O protagonista, Peter Quill, é uma criança dos anos 80 que possui um walkman com uma fita reunindo faixas clássicas dos anos 70, por influência de sua mãe. Como todo bom pré-adolescente da época, saía com seu aparelho na cintura pra todo o canto, ouvindo as músicas inspiradoras. Pois bem, ele é abduzido e pulamos para sua fase adulta, quando se torna um explorador espacial (mais como um bandido, que rouba objetos valiosos de planetas inóspitos), e lá vai música novamente no mesmo walkman.

E isso vemos durante a projeção de todo o filme. Se no começo ele escuta uma canção mais depressiva, o que denota aflição ao se deparar com sua mãe doente, passa a ouvir uma mais dançante, empolgado com a premente captura de um objeto valioso, bem como a uma mais romântica, ao se deparar com uma possível relação amorosa.

A música é um dos fatores que torna esta narrativa muito interessante e atrativa, vez que atiça nossos sentidos e nos traz empatia com o protagonista. E devo dizer que, ao final, sem soltar spoilers, o clima alto-astral deve-se principalmente pela música tocada.

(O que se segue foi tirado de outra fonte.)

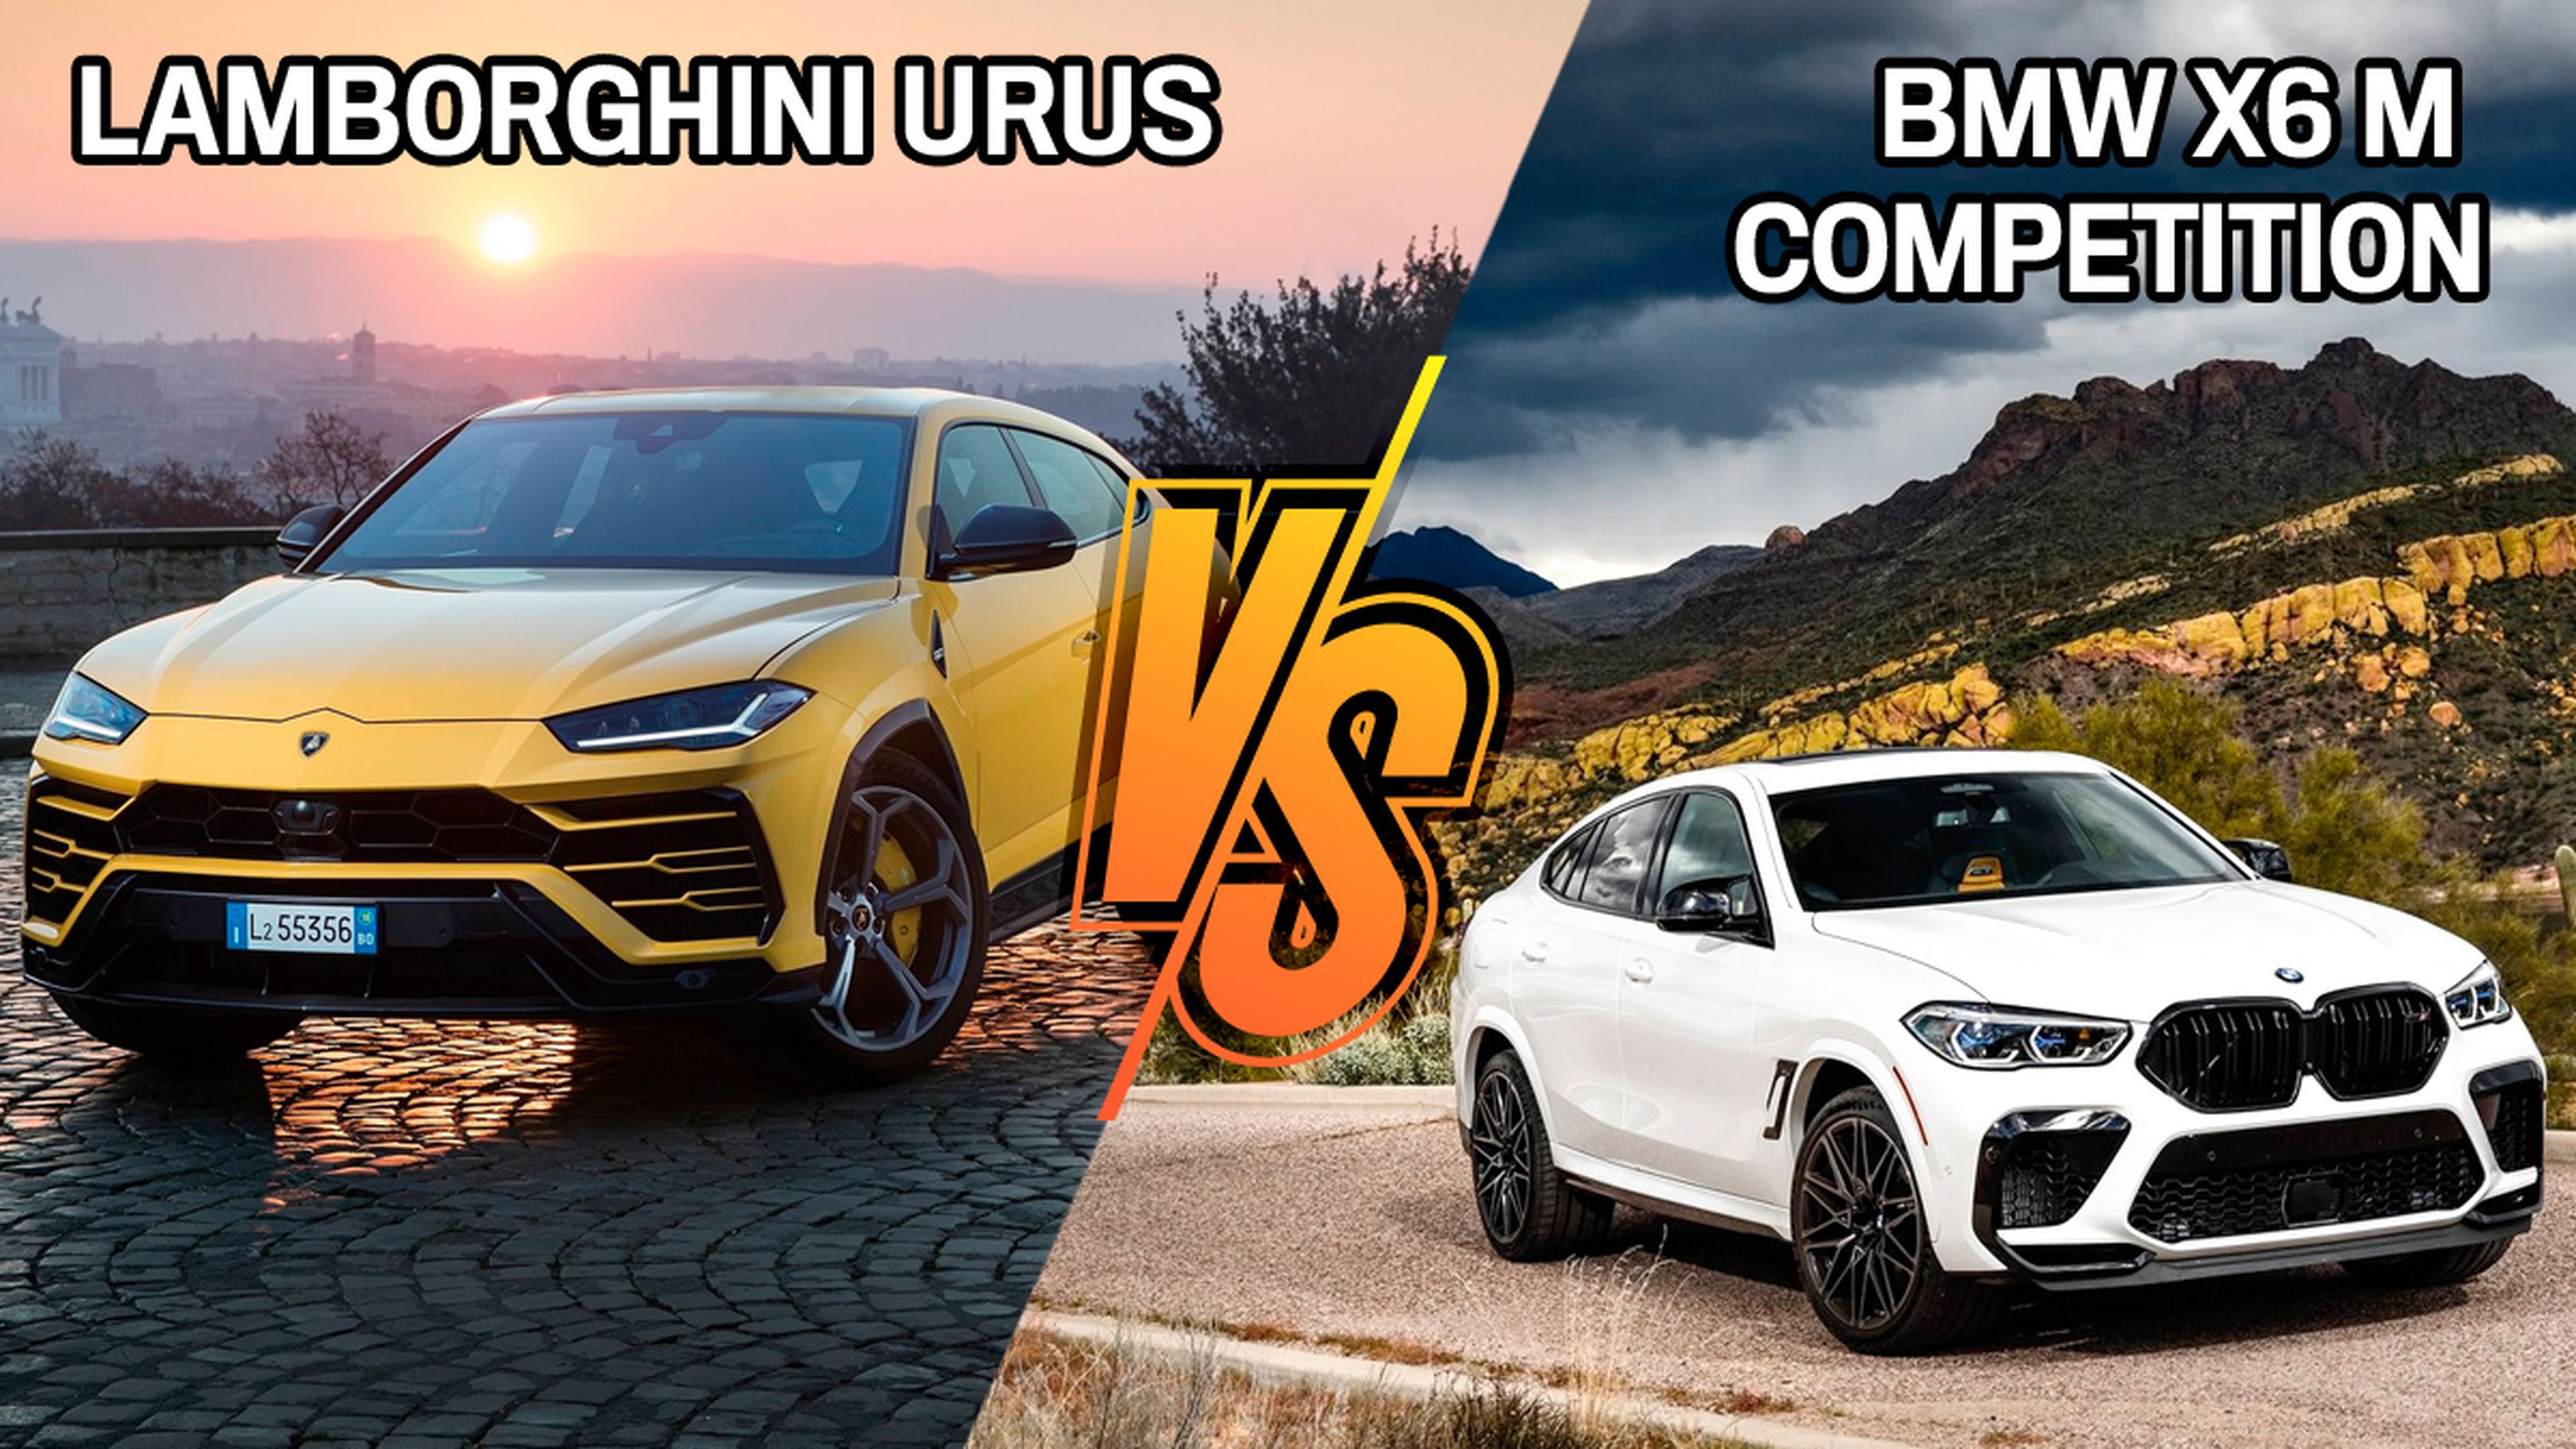 Lamborghini Urus o BMW X6 M Competition, ¿cuál es mejor?
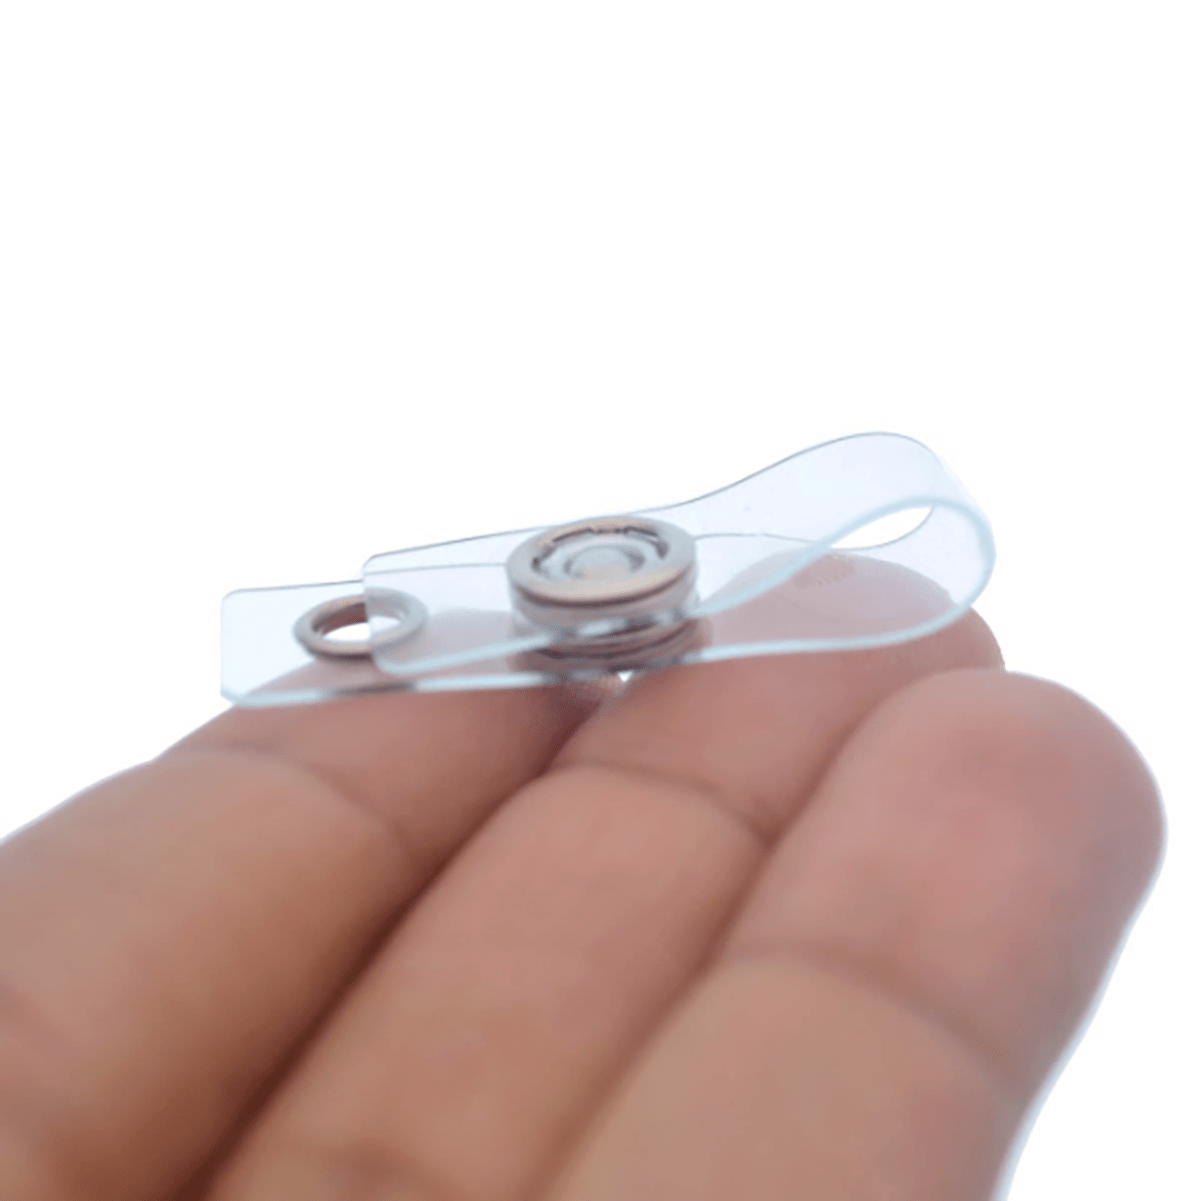 Horizontal Clear Service & Award Pin Strap Clip Adapter w/ Slot

Um tópico que merece pleno destaque também são os efeitos e maquiagens, que trouxeram vivacidade e referência ao ambiente das histórias em quadrinhos. Com seus coloridos verdes e azuis ,os alienígenas retratados no filme são de uma afinação ímpar, notadamente as “filhas” de Thanos, Nebula e Gomora, que espelham o cuidado que se mostrou na produção quanto à caracterização dos personagens.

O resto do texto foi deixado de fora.